The difference in means in all of our permuted datasets can be thought of as our *null distribution*. If there’s no difference in the means between the two groups, we’d expect the difference in means we calculate from the data to fall within the middle 95% of these permuted means (assuming alpha = 0.05). We can calculate a p-value by finding the proportion of estimates in our null distribution that are more extreme than the test statistic we calculated on our dataset.

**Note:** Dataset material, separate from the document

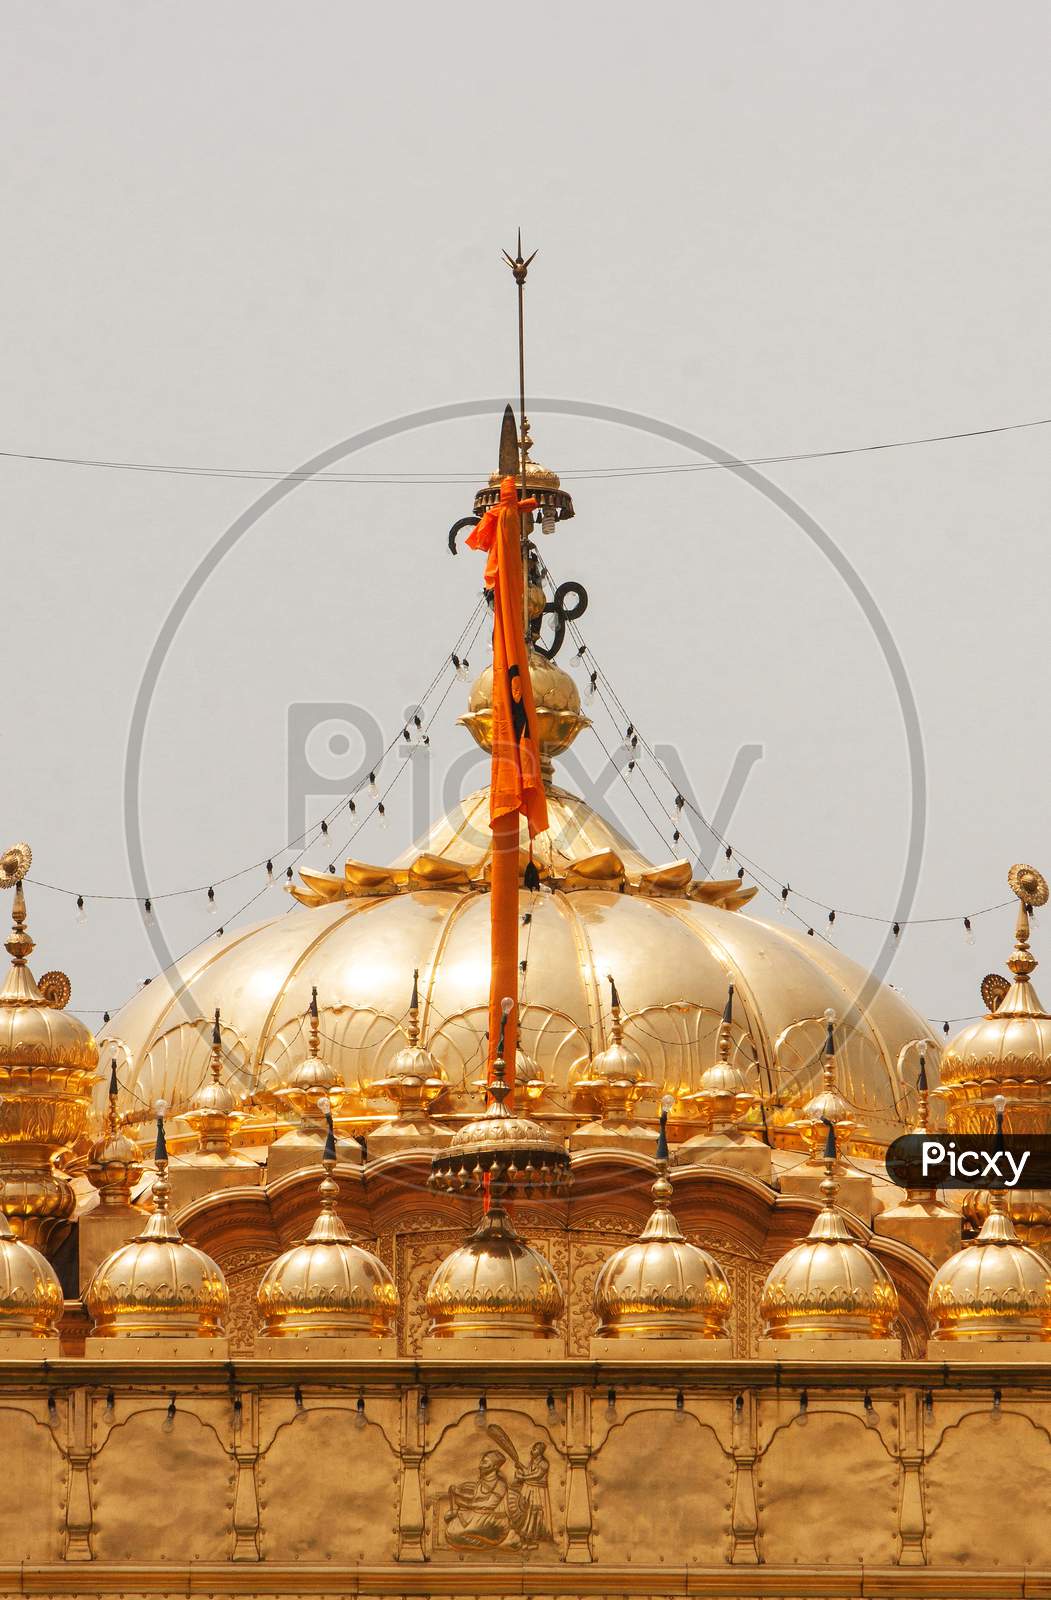 Top dome of  the Golden Temple or Harmandir Sahib
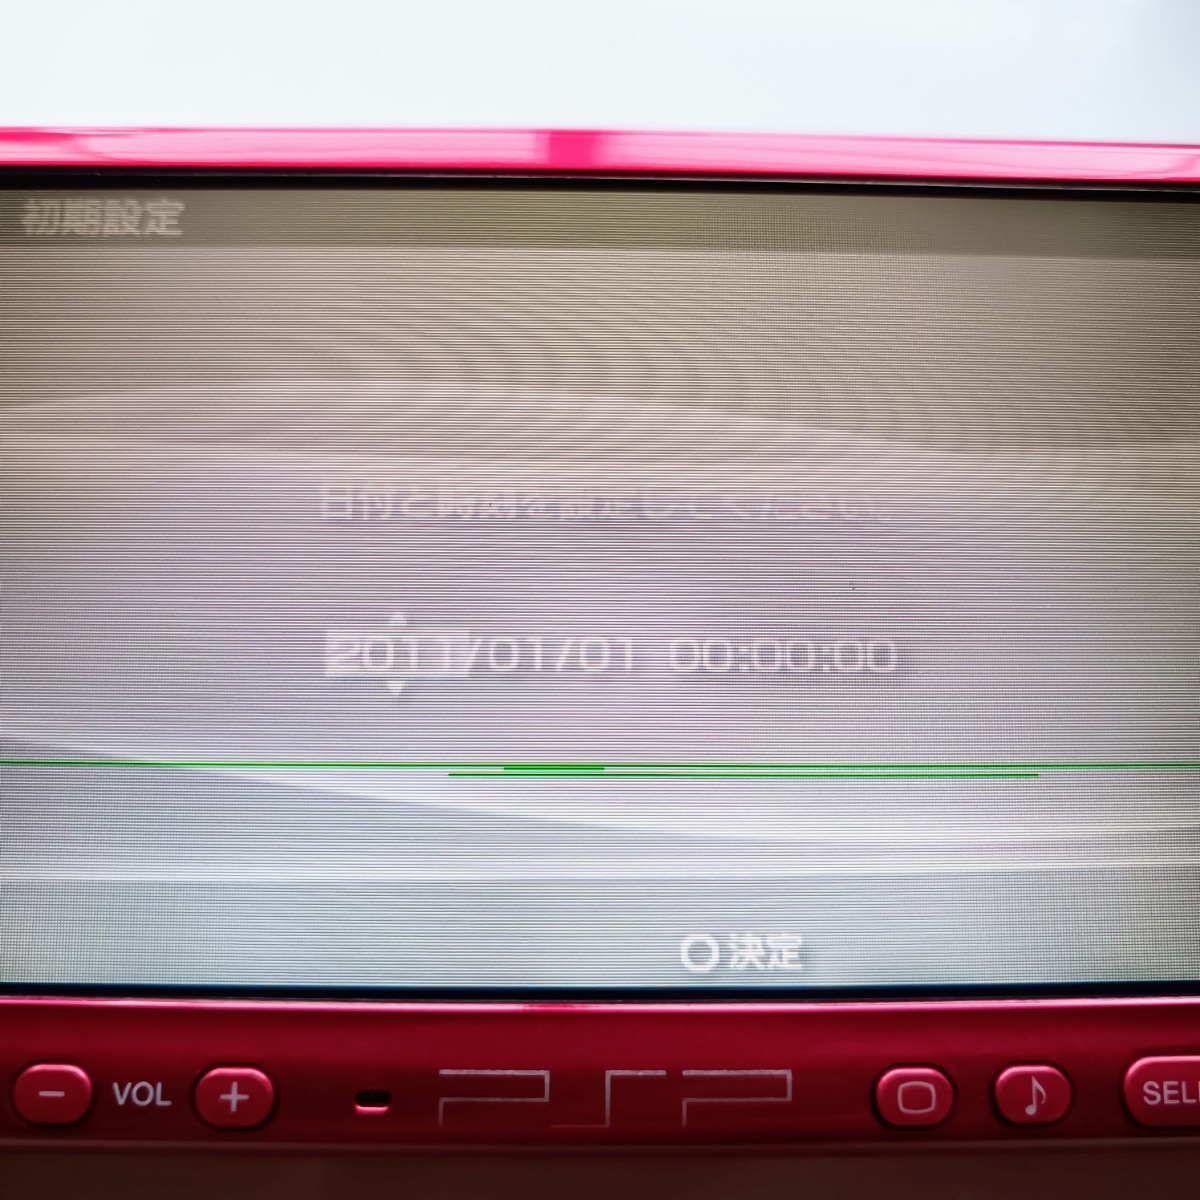 PSP3000 レッド ソフト20本 アダプタ 付きセット 【ワケあり】

Below I show how to carry this out using a tidy data approach in R.

I’ll use the `mtcars`

dataset and test whether manual and automatic cars differ in their weights:

```
library(tidyverse)
library(modelr)
library(broom)
mtcars %>%
ggplot(aes(x = factor(am), y = wt)) +
geom_boxplot() +
theme_minimal()
```

We can first run a traditional two-sample t-test:

```
t.test(wt ~ factor(am), data = mtcars)
```

Welch Two Sample t-test ##

## data: wt by factor(am)

## t = 5.4939, df = 29.234, p-value = 6.272e-06

## alternative hypothesis: true difference in means is not equal to 0

## 95 percent confidence interval:

## 0.8525632 1.8632262

## sample estimates:

## mean in group 0 mean in group 1

## 3.768895 2.411000

Next we can do the randomization-based approach outlined above:

```
# number of permutations
n <- 999
permuted <- mtcars %>%
mutate(am = factor(am)) %>% # factor am
modelr::permute(n, am) %>% # permute the am column `n` times
mutate(models = map(perm, ~ t.test(wt ~ am, data = .))) %>% # do a t-test for each permutation
mutate(tidy = map(models, broom::glance)) %>% # extract useful statistics from the t-test
unnest(tidy) # unnest the tidy column
```

`permuted`

look like this:

```
# A tibble: 999 x 13
perm .id models estimate estimate1 estimate2 statistic p.value parameter conf.low conf.high
<list> <chr> <list> <dbl> <dbl> <dbl> <dbl> <dbl> <dbl> <dbl> <dbl>
1 <S3: permutation> 001 <S3: htest> 0.677473684 3.492474 2.815000 2.00328522 0.05595078 25.34094 -0.01854899 1.3734964
2 <S3: permutation> 002 <S3: htest> 0.278704453 3.330474 3.051769 0.85140972 0.40129861 29.94857 -0.38987074 0.9472796
3 <S3: permutation> 003 <S3: htest> 0.316016194 3.345632 3.029615 0.97431917 0.33773747 29.81439 -0.34655899 0.9785914
```

Each row represents a different permutation. Using `broom::glance`

allowed us to easily pull out a bunch of useful information from the t-test, and `unnest`

ing the `tidy`

column added these useful statistics as columns to the data frame.

The *estimate* column here is the most useful to us: it represents the difference in the means between each group. If we’ve effectively destroyed any correlation between transmission type and weight, the average difference between the two groups should be zero. We can verify this is the case. I’ll also find the observed difference between the groups in the non-randomized dataset and plot that as a red line:

```
observed <- broom::glance(t.test(wt ~ factor(am), data = mtcars))$estimate
ggplot(permuted, aes(x = estimate)) +
geom_histogram() +
geom_vline(xintercept = observed, color = "red") +
theme_minimal()
```

We can also calculate the average difference and show that it’s about 0 in the randomized datasets:

```
mean(permuted$estimate)
```

[1] 0.001492764

Looking at the plot above, it’s clear the the observed difference is not what we’ve expect if there is no relationship between transmission type and weight, but we can go ahead and calculate a p-value:

```
(sum(abs(permuted$estimate) > ifelse(observed > 0, observed, -observed)) + 1) / (n+1)
```

[1] 0.001

This way of calculating p-values is based on this paper and ensures p-values can never by 0, which wouldn’t make any sense.

**Aside:** To create randomized datasets that you can re-generate at some point in the future, use `set.seed(some_number)`

before randomizing your data. This sets the seed of the random number generator in R, ensuring the same pseudo-random numbers are producing the next time you run your analysis.

In future posts, I’ll look at bootstrapping regressions, correlations, and using Monte-Carlo-based resampling for ANOVA-like data.